Step 2: Set the pipeline
We will set up a pipeline.py File for the ETL process. In our case, we will use the following code.
import pandas as pd
import os
input_path = os.path.join("/data", "Medicaldataset.csv")
output_path = os.path.join("/data", "CleanedMedicalData.csv")
def extract_data(path):
df = pd.read_csv(path)
print("Data Extraction completed.")
return df
def transform_data(df):
df_cleaned = df.dropna()
df_cleaned.columns = (col.strip().lower().replace(" ", "_") for col in df_cleaned.columns)
print("Data Transformation completed.")
return df_cleaned
def load_data(df, output_path):
df.to_csv(output_path, index=False)
print("Data Loading completed.")
def run_pipeline():
df_raw = extract_data(input_path)
df_cleaned = transform_data(df_raw)
load_data(df_cleaned, output_path)
print("Data pipeline completed successfully.")

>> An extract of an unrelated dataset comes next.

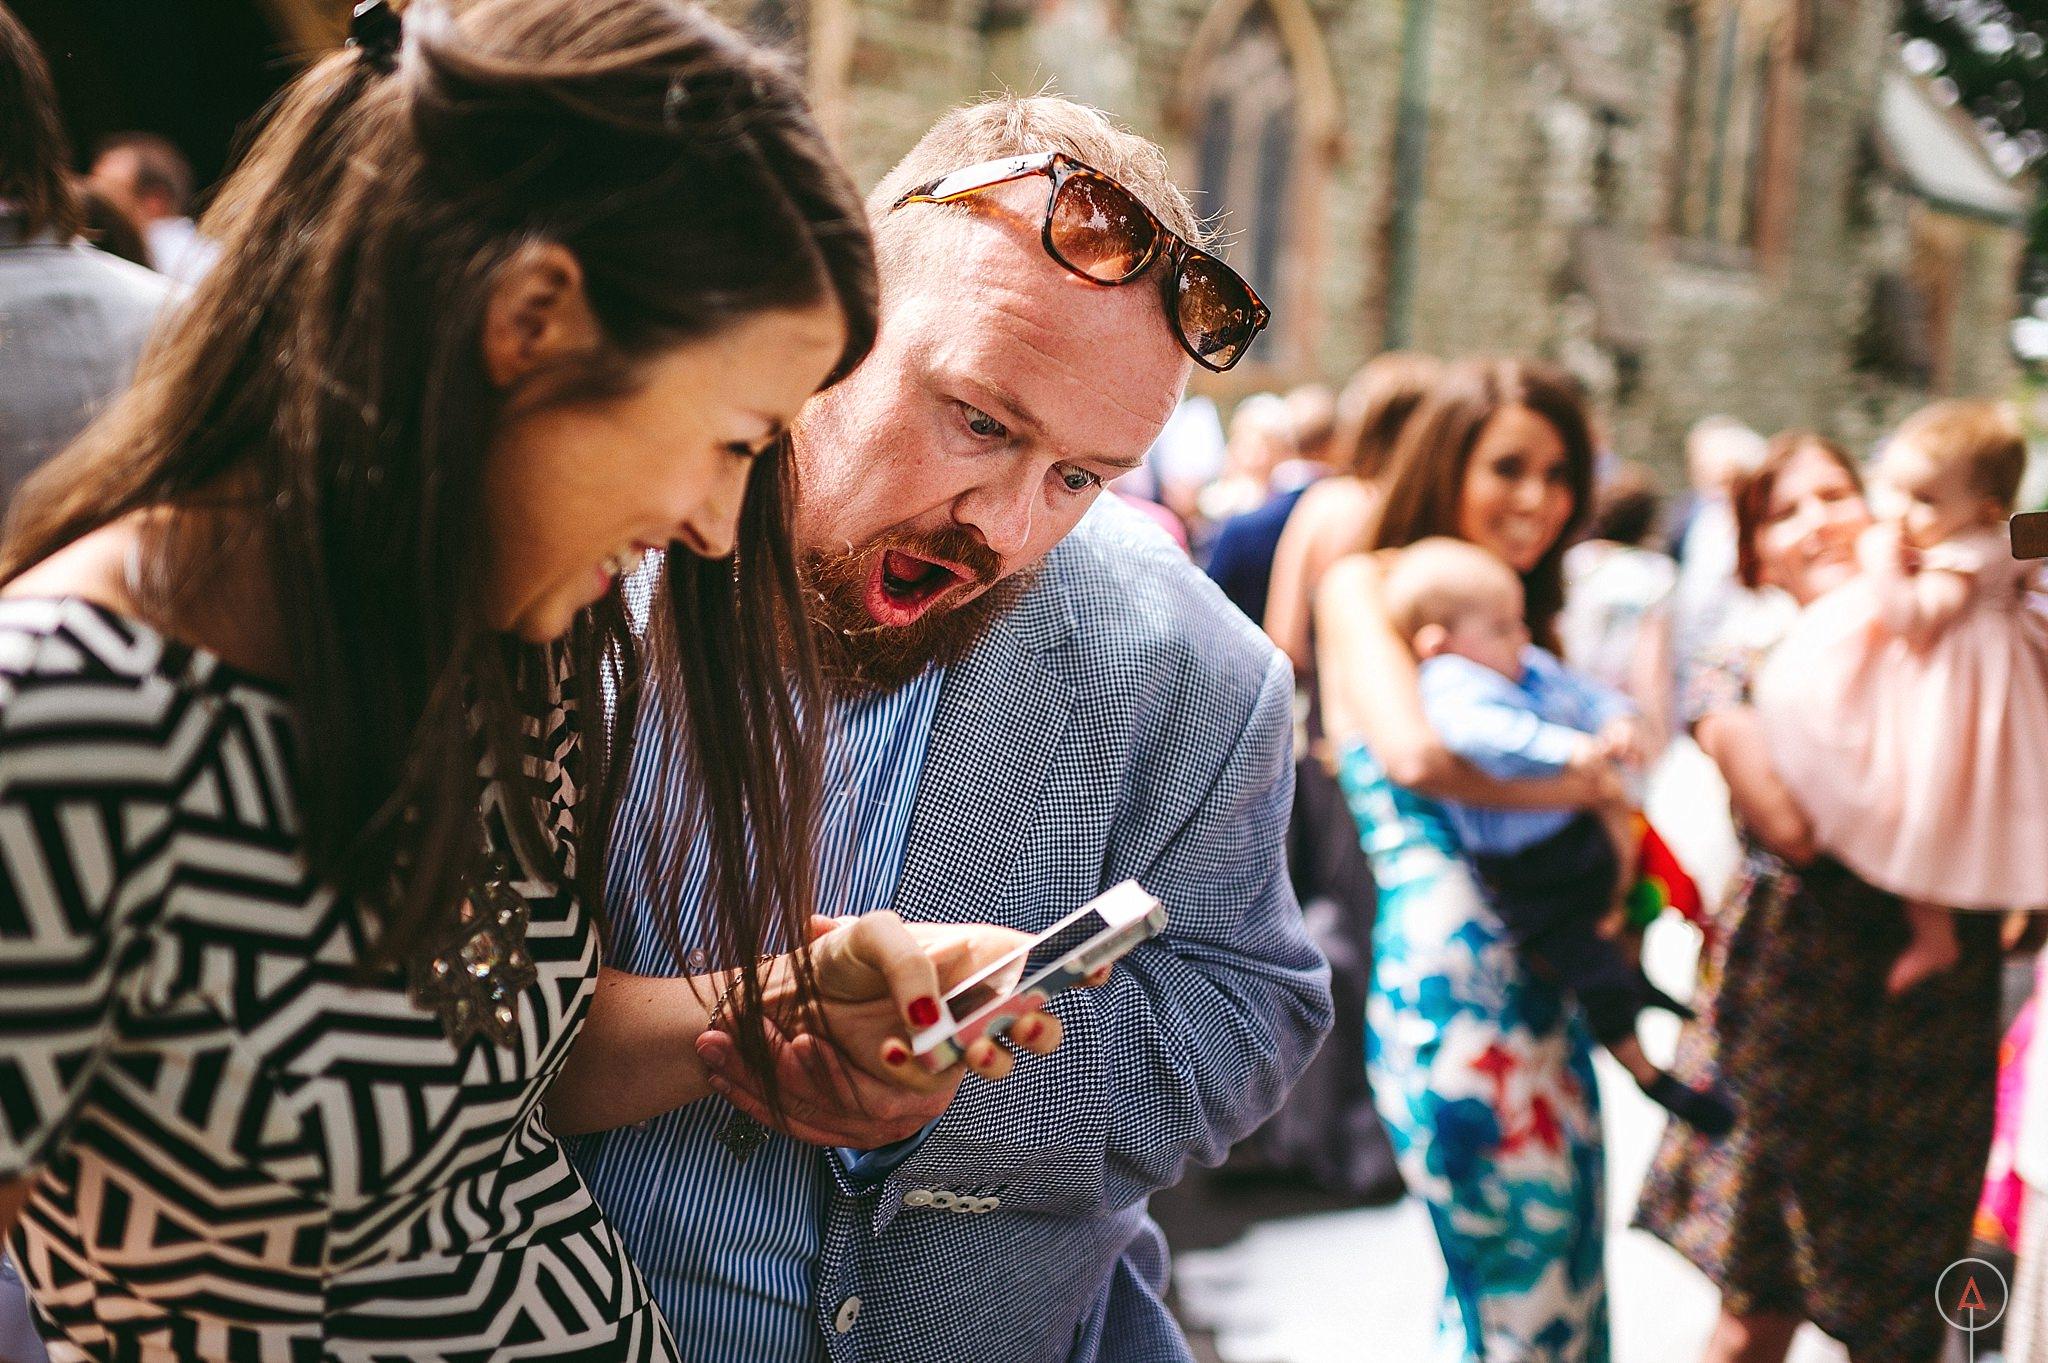 cardiff-wedding-photographer-aga-tomaszek_0371

if __name__ == "__main__":
run_pipeline()The pipeline follows the ETL process, where we load the CSV file, perform data changes, such as droping lost data and clearing column names, and loading cleaned data into a new CSV file. We wrapped these steps in a single run_pipeline The function that performs the whole process.
Step 3: Set the postage
With the developed pipeline file ready, we will fill Dockerfile To set up for a Dokar Container using the following code:
FROM python:3.10-slim
WORKDIR /app
COPY ./app /app
COPY requirements.txt .
RUN pip install --no-cache-dir -r requirements.txt
CMD ("python", "pipeline.py")In the aforementioned code, we make it clear that the container will use version 3.10 as its environment. Next, we configured the Container’s Working Directory /app And copy everything from our local app Folder in the container app Directory. We also copy requirements.txt File and follow the PIP installation inside the container. Finally, when we start the container, we order the script to run.
With Dockerfile Ready, we will prepare docker-compose.yml File to manage overall processing:
version: '3.9'
services:
data-pipeline:
build: .
container_name: simple_pipeline_container
volumes:
- ./data:/dataThe YAML file above, when executed, will produce a Dokar image from the current directory using available use available Dockerfile. We also mount local data To the folder data The folder inside the container makes the datastate accessible to our script.
Processing the pipeline
With all the files ready, we will process the data pipeline in the Doker. Go to the project route folder and run the following command in your command prompt to make a doker image and put the pipeline into practice.
docker compose up --buildIf you run it successfully, you will see an informative log like the following:
✔ data-pipeline Built 0.0s
✔ Network simple_docker_pipeline_default Created 0.4s
✔ Container simple_pipeline_container Created 0.4s
Attaching to simple_pipeline_container
simple_pipeline_container | Data Extraction completed.
simple_pipeline_container | Data Transformation completed.
simple_pipeline_container | Data Loading completed.
simple_pipeline_container | Data pipeline completed successfully.
simple_pipeline_container exited with code 0If everything is hanged successfully, you will look a new CleanedMedicalData.csv File in your data folder.
Congratulations! You have just developed a simple data pipeline with Azigar and Doker. Try to use different data sources and ETL processes to find out if you can handle more complex pipeline.
Conclusion
Understanding data pipelines is very important for every data professional, as they are necessary to get the right data for their work. In this article, we discovered how to develop a simple data pipeline using Azgar and Dokar and learned how to process it.
I hope it has helped!
Cornelius Yodha Vijaya Data Science is Assistant Manager and Data Writer. Elijan, working in Indonesia for a full time, likes to share indicators of data and data through social media and written media. CorneLius writes on various types of AI and machine learning titles.